→ **WORK INSTRUCTIONS**:
Copy the listing in full and exactly, omitting its images.

→ **RAW DATA**:
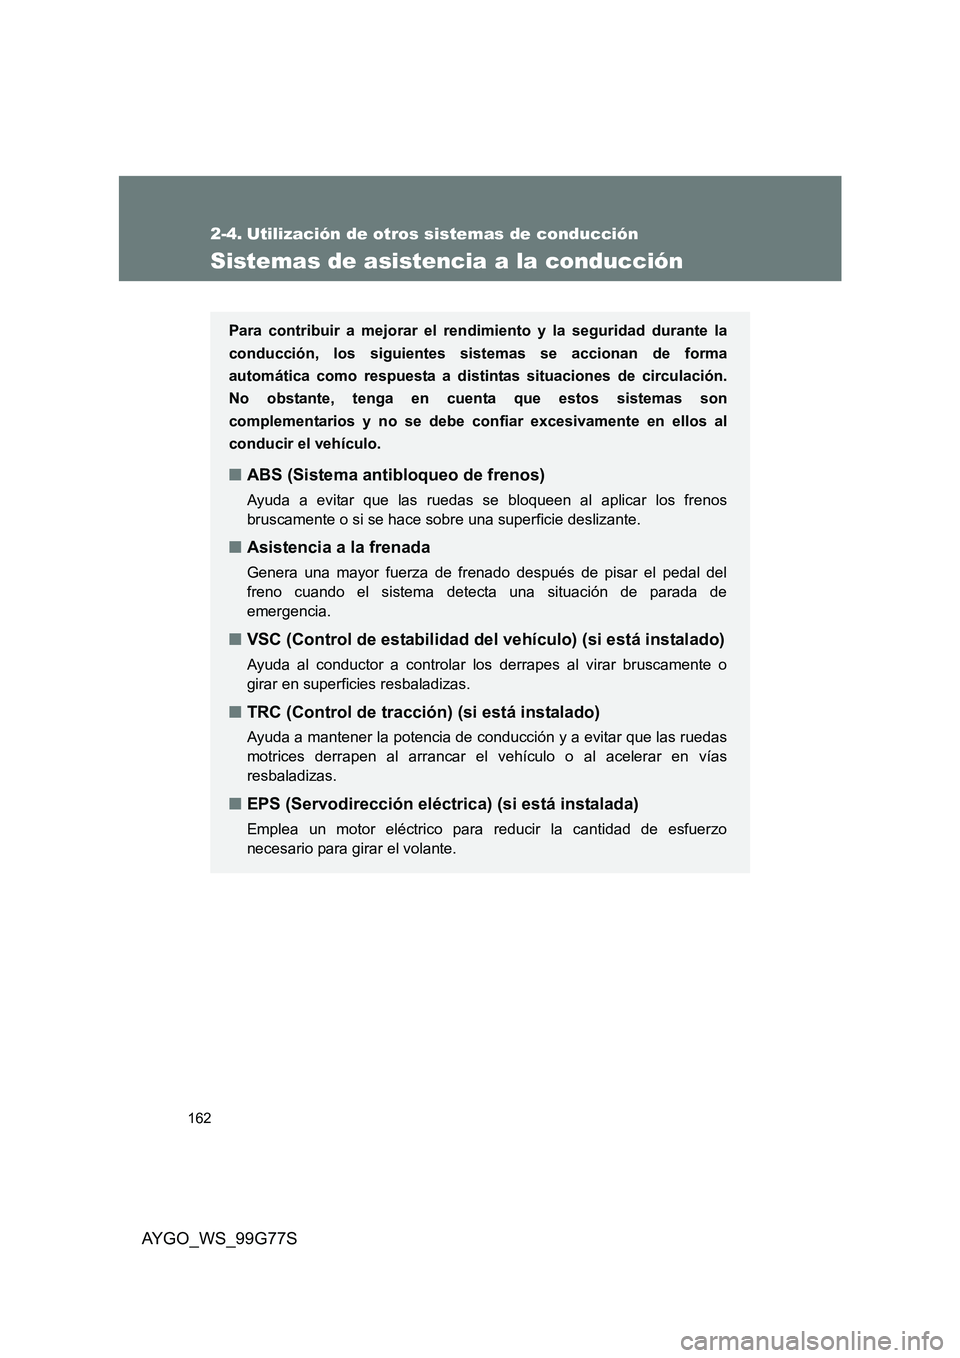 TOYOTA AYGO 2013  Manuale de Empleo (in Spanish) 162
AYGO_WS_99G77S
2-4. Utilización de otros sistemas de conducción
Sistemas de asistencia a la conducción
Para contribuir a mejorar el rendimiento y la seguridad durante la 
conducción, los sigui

→ **OUTPUT BELOW**:
 TOYOTA AYGO 2013  Manuale de Empleo (in Spanish) 162
AYGO_WS_99G77S
2-4. Utilización de otros sistemas de conducción
Sistemas de asistencia a la conducción
Para contribuir a mejorar el rendimiento y la seguridad durante la 
conducción, los sigui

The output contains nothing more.